#### [Supplied data]
═══

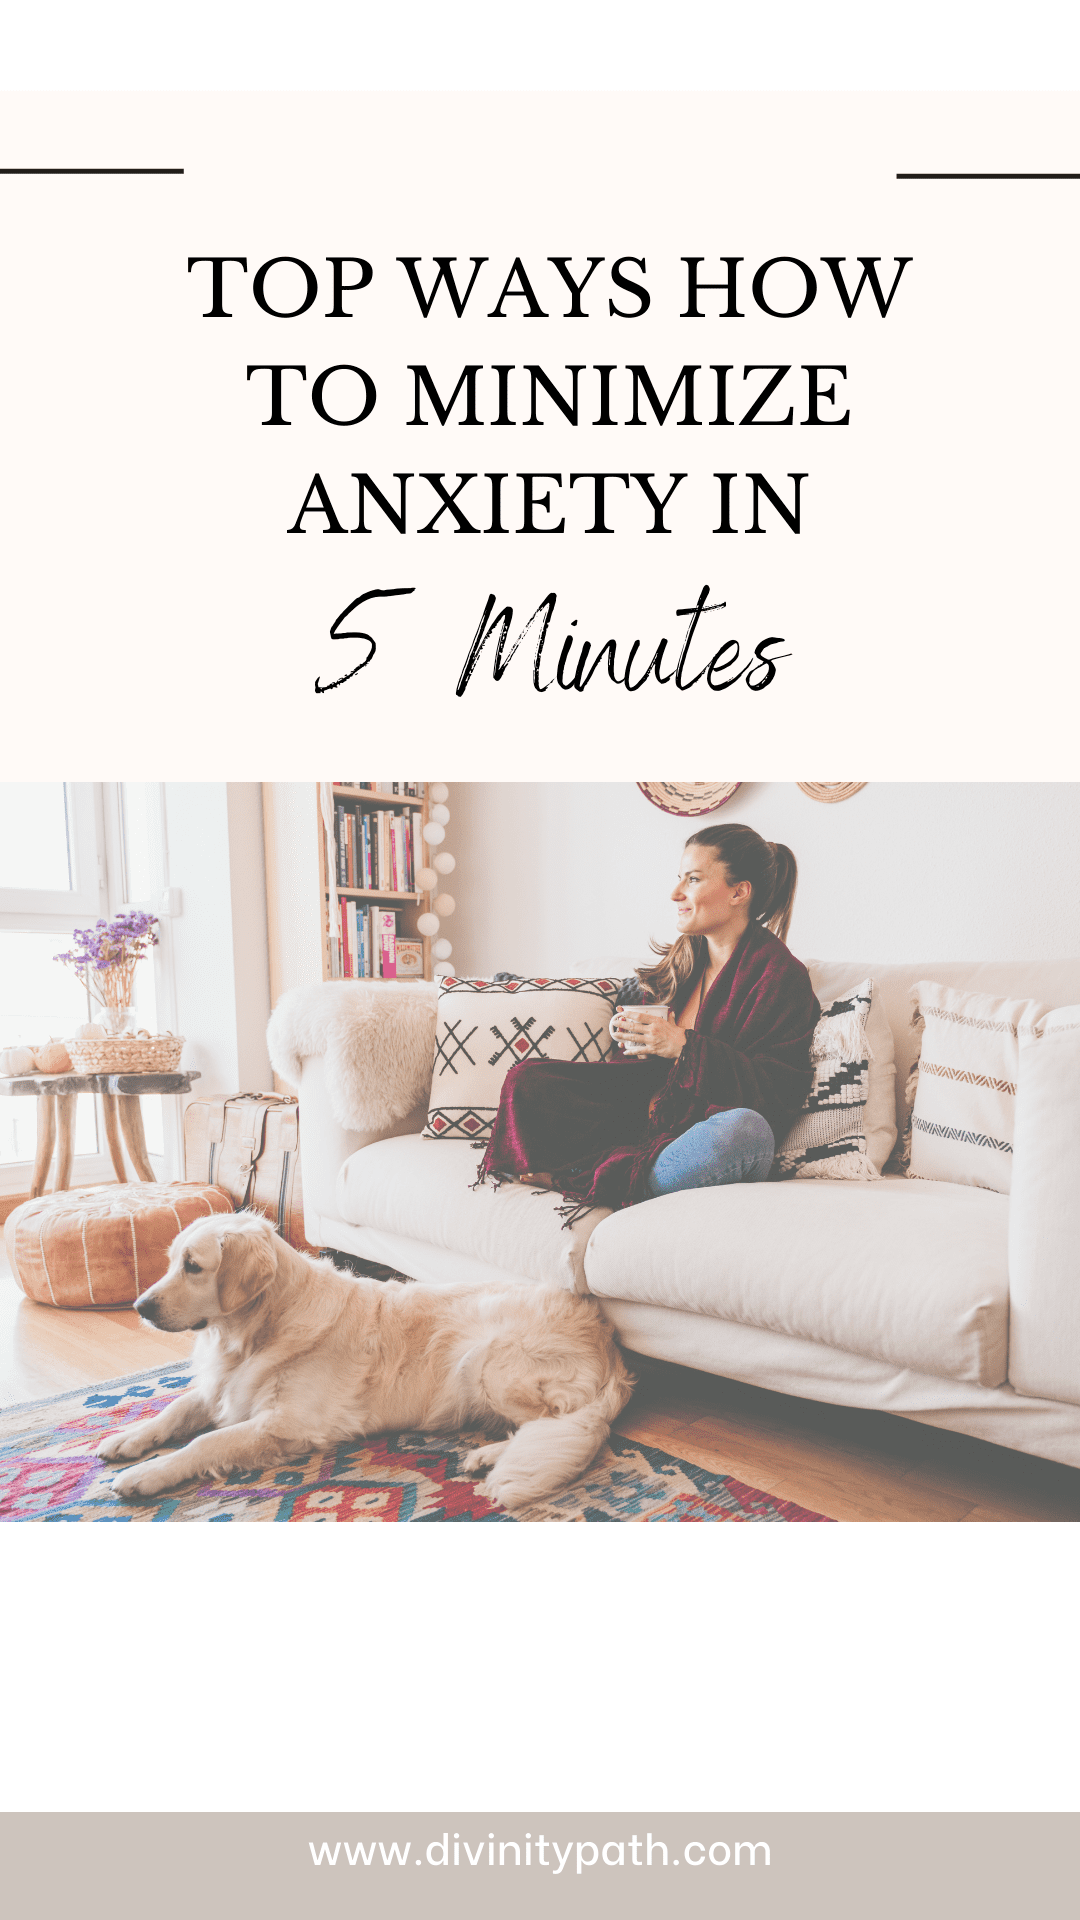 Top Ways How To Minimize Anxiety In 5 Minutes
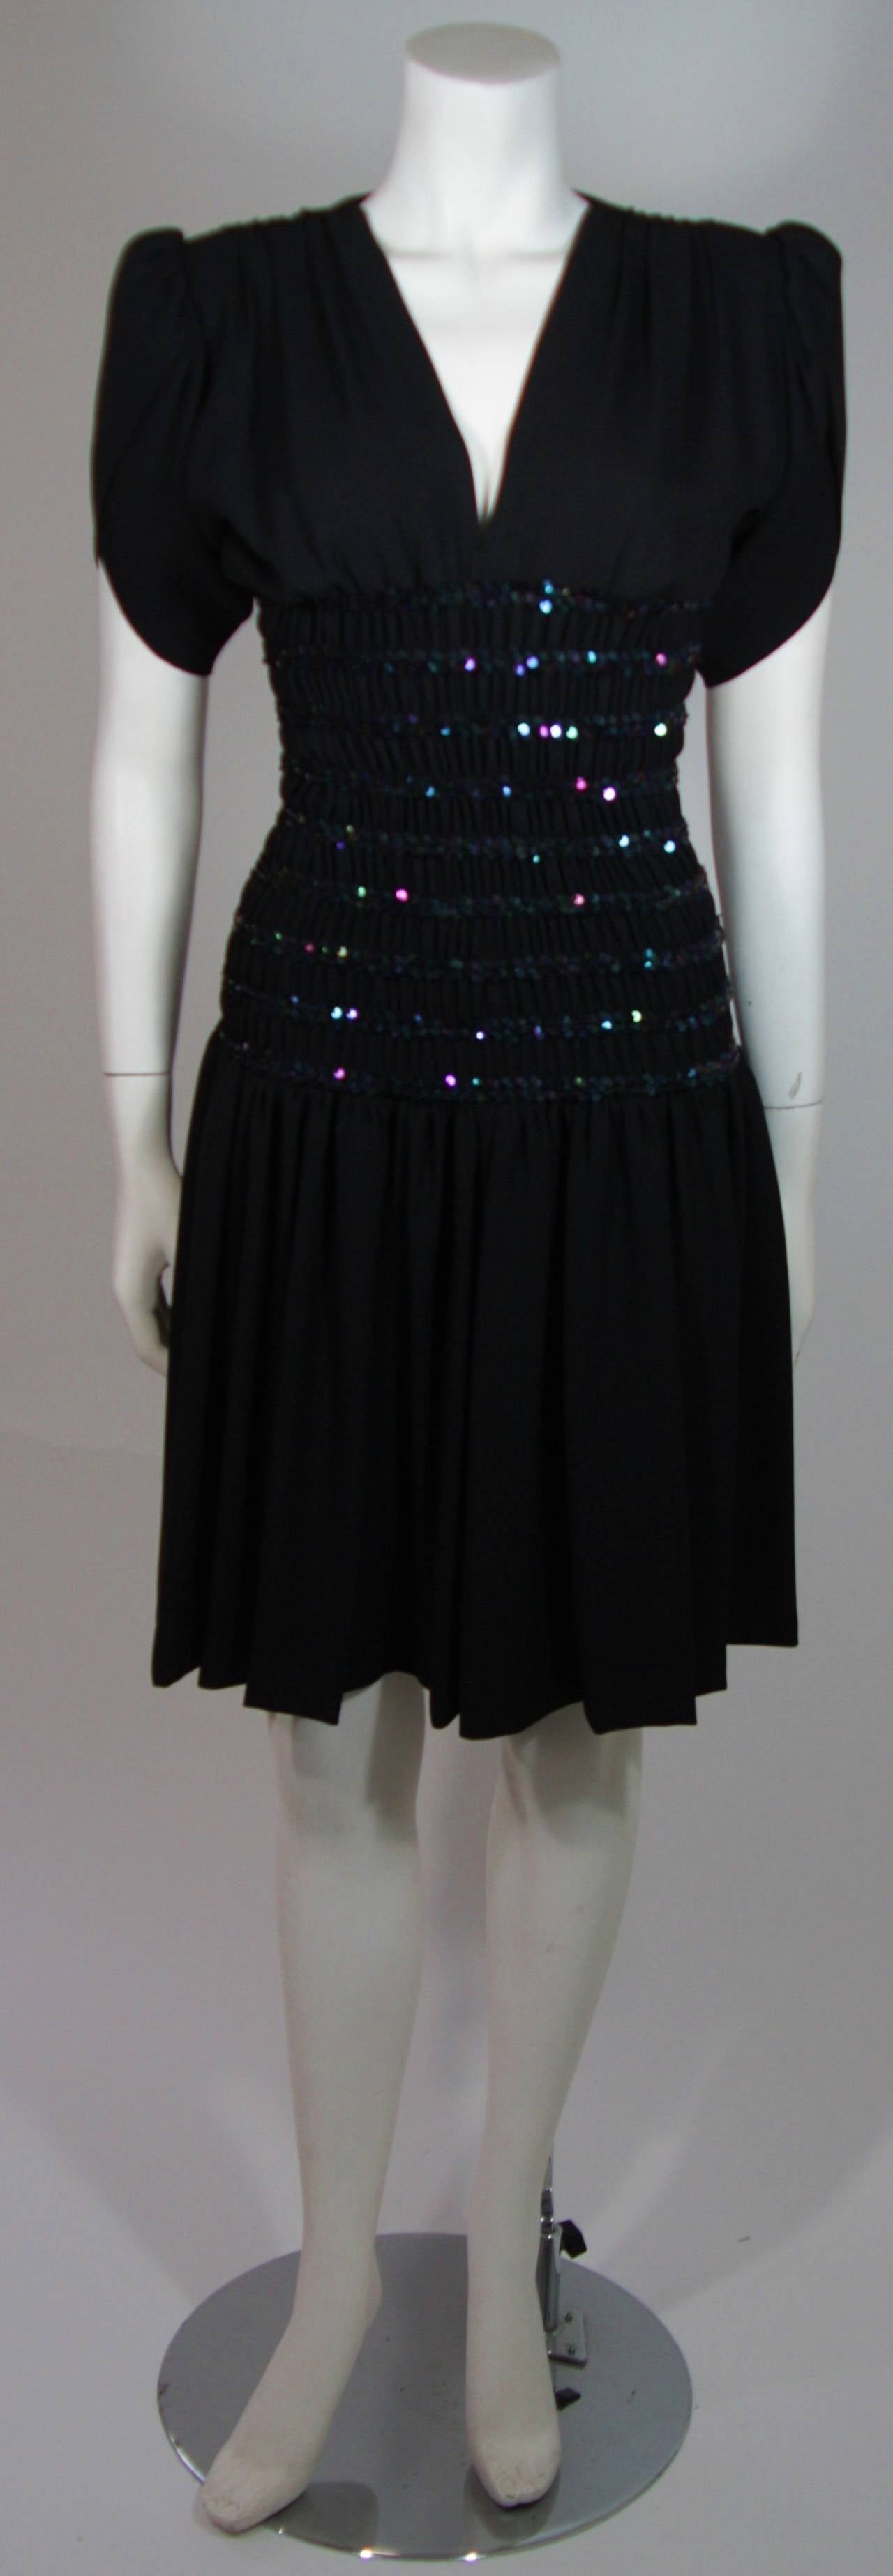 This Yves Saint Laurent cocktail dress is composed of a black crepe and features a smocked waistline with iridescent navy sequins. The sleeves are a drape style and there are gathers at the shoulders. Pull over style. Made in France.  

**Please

═══

#### [Exercise details]
Your reply should consist solely of the lines from the one containing "This Yves Saint" through the last line of the material, reproduced exactly and without pictures.

#### [Reply]
 This Yves Saint Laurent cocktail dress is composed of a black crepe and features a smocked waistline with iridescent navy sequins. The sleeves are a drape style and there are gathers at the shoulders. Pull over style. Made in France.  

**Please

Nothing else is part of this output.